▶ [Task to carry out] The response should contain all of the records, copied exactly, and none of the images.

____________

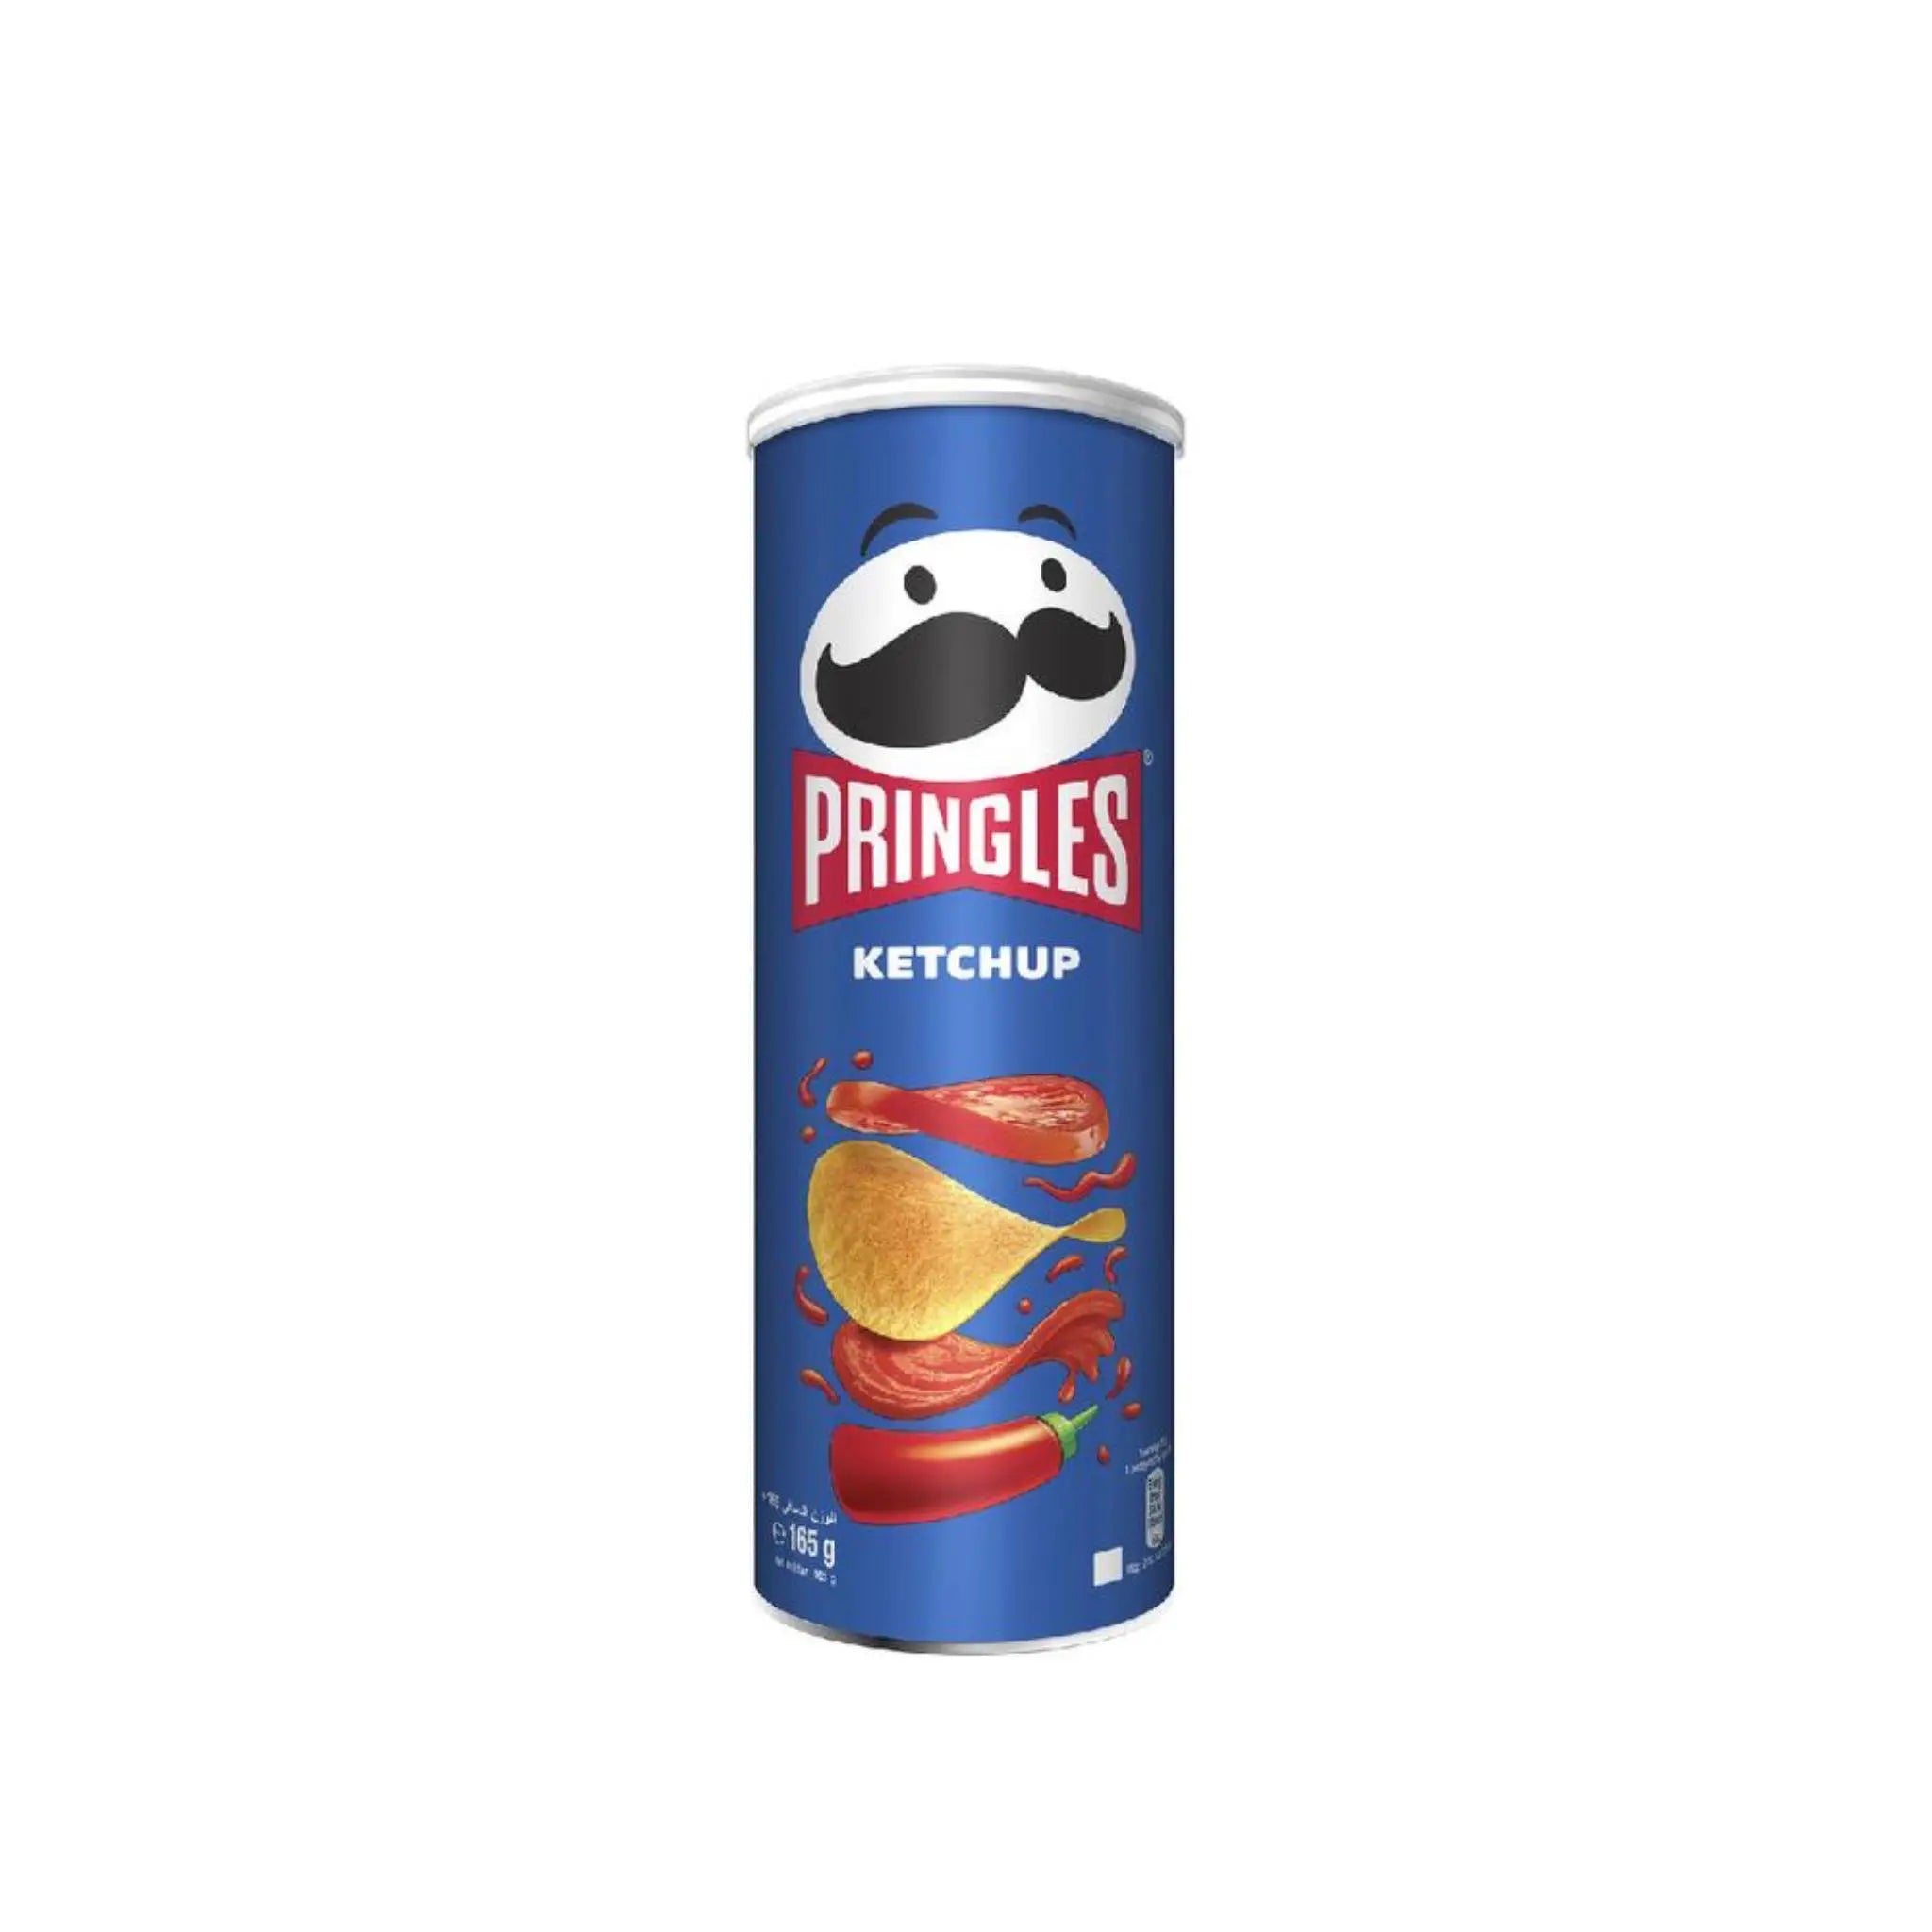 Pringles Ketchup Flavored Chips Can 19X165G Pringles
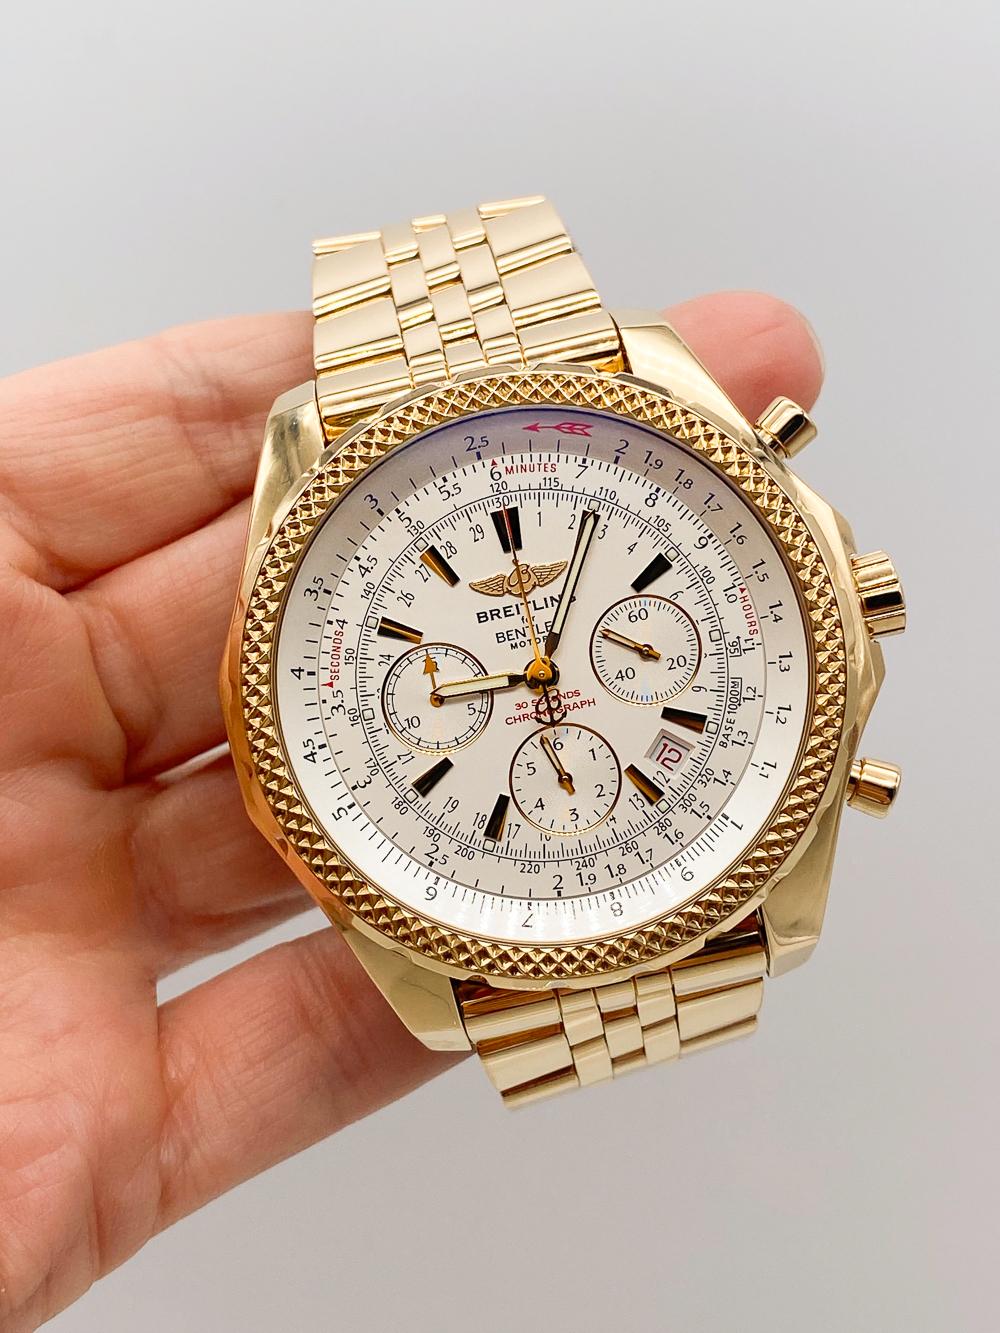 18K gold Breitling Bentley chronograph watch, est. $30,000-$35,000
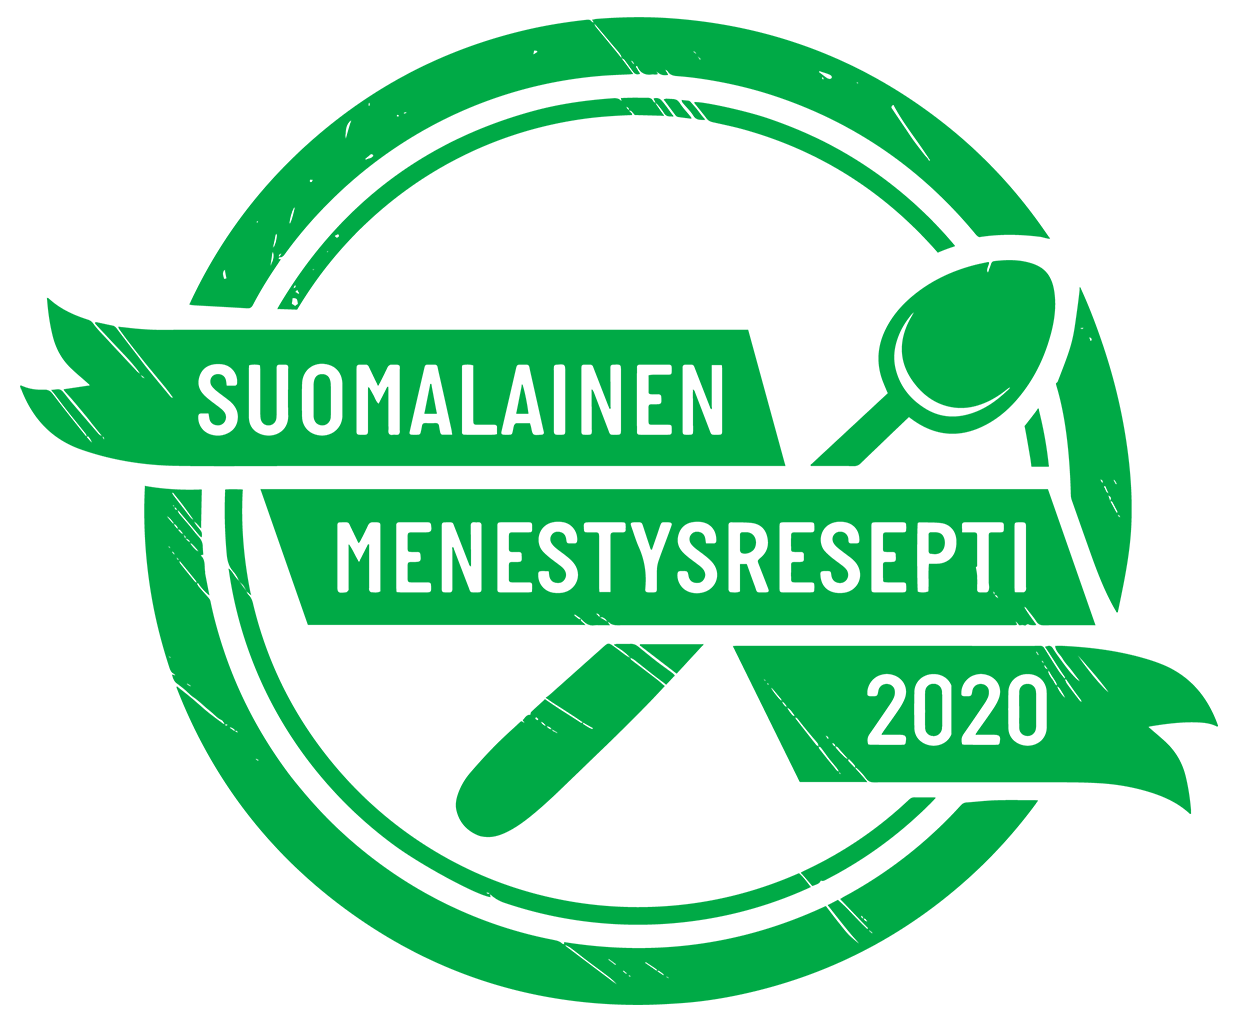 Suomalainen menestysresepti 2020 logo green rgb-1
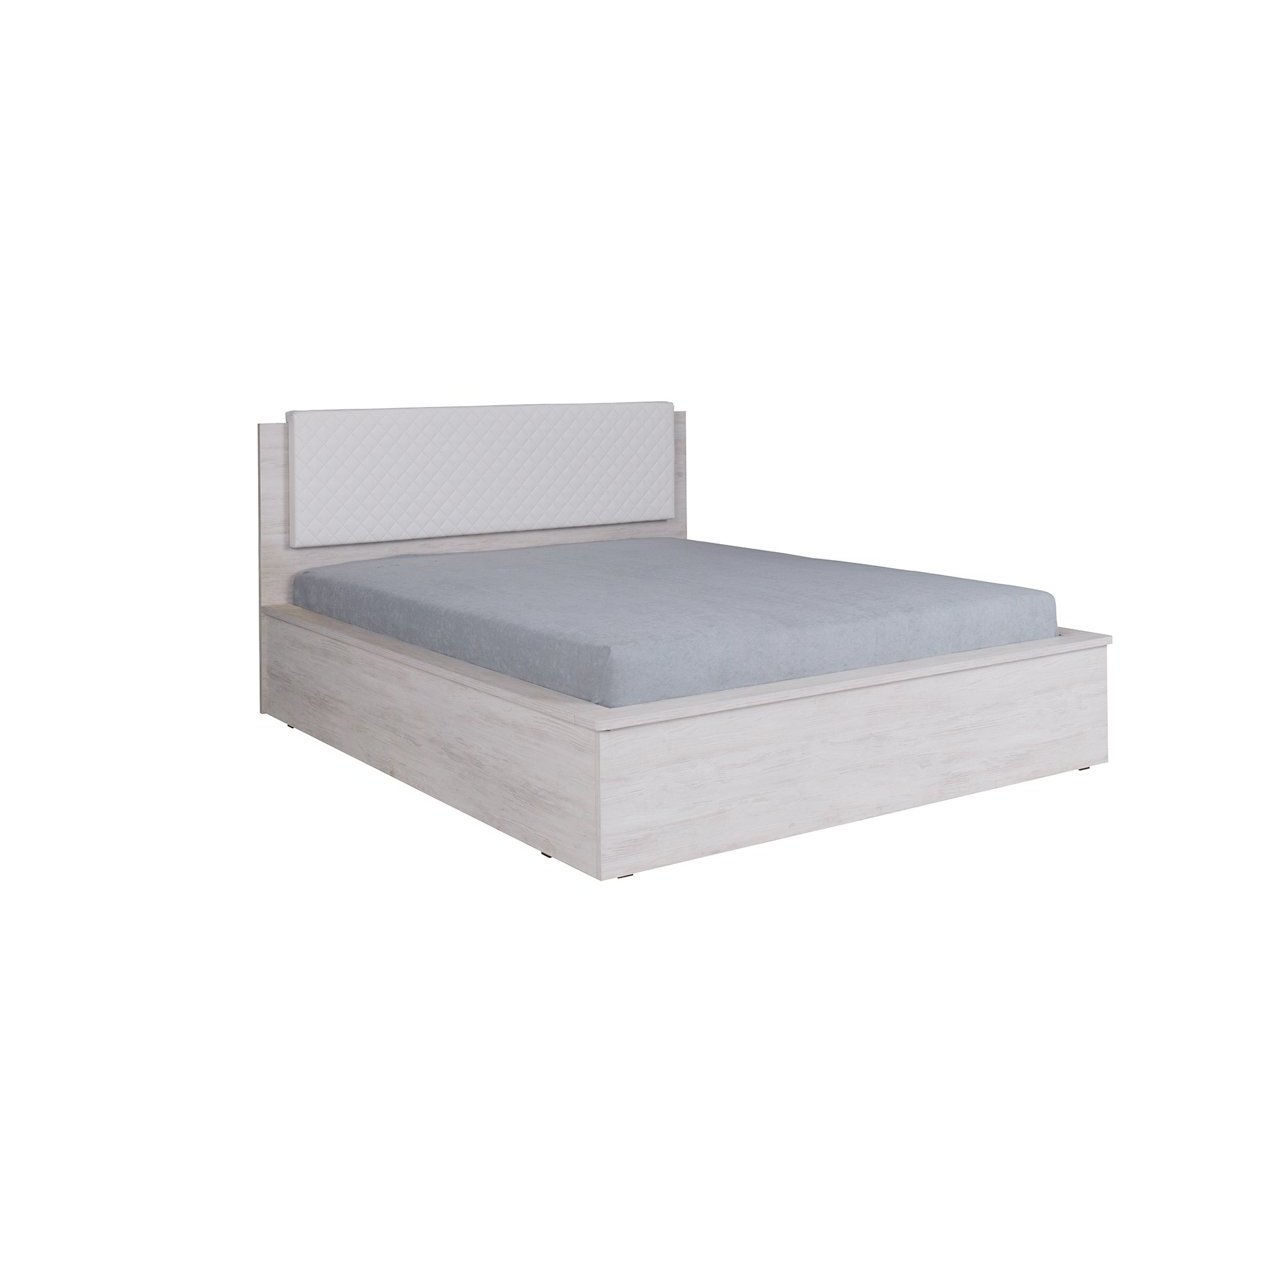 Denver 06 Bed 160cm with Storage - White Oak / White Gloss 160 x 200cm
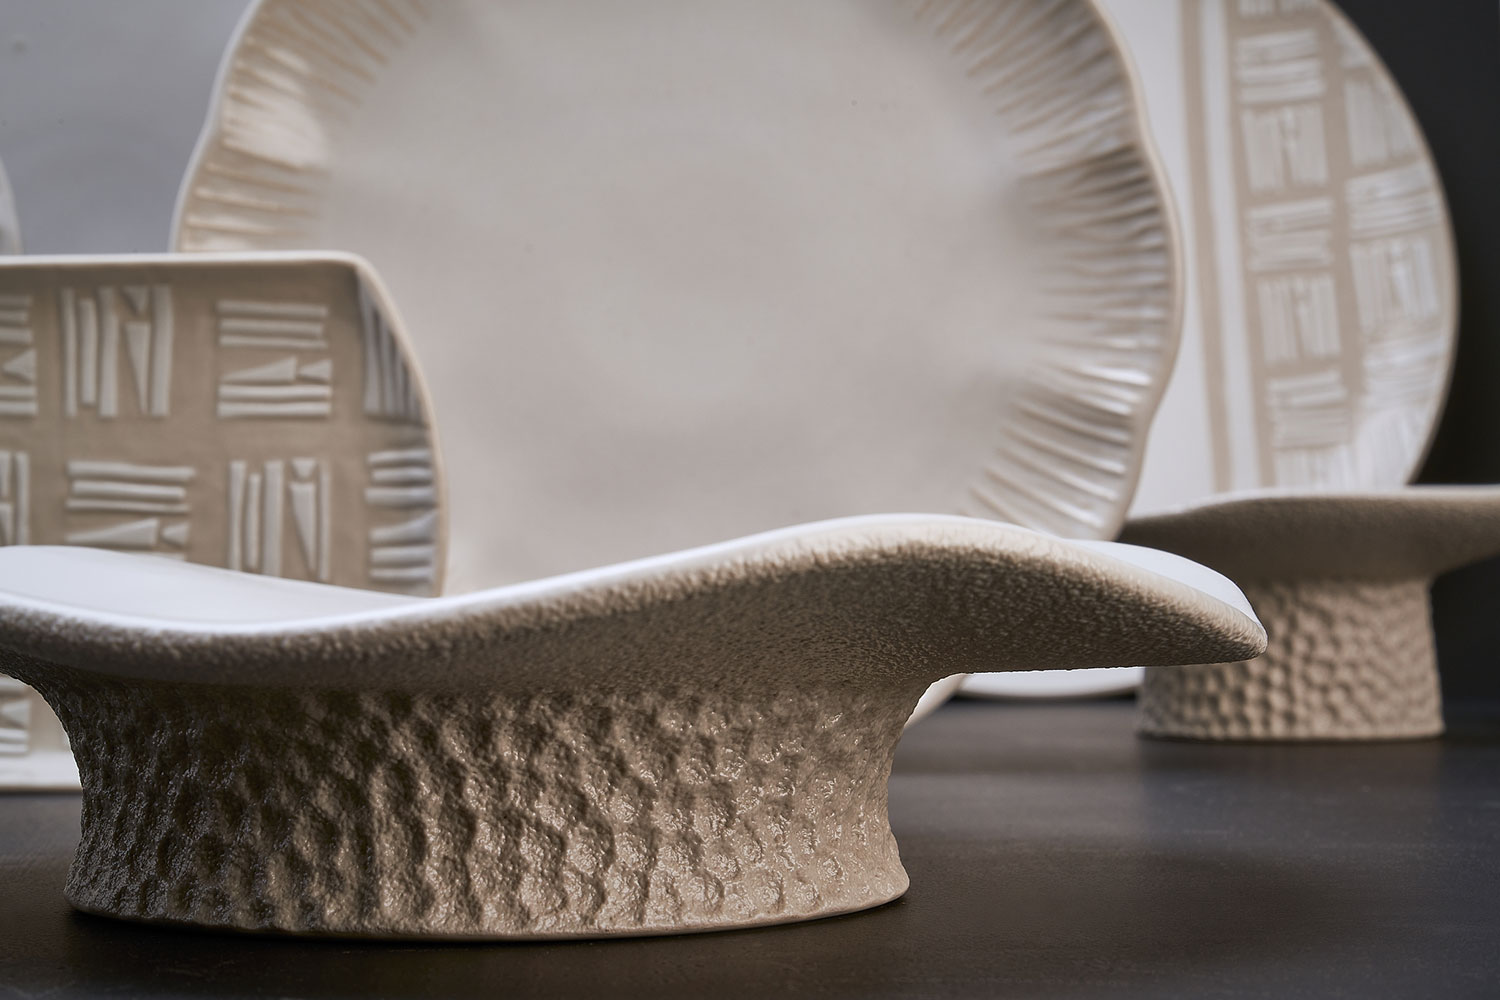 Kevala Ceramics in partnership with St.Regis Hotel Jakarta

____________

▶ [Reply]
 Pringles Ketchup Flavored Chips Can 19X165G Pringles
 18K gold Breitling Bentley chronograph watch, est. $30,000-$35,000
 Suomalainen menestysresepti 2020 logo green rgb-1
 Denver 06 Bed 160cm with Storage - White Oak / White Gloss 160 x 200cm
 Kevala Ceramics in partnership with St.Regis Hotel Jakarta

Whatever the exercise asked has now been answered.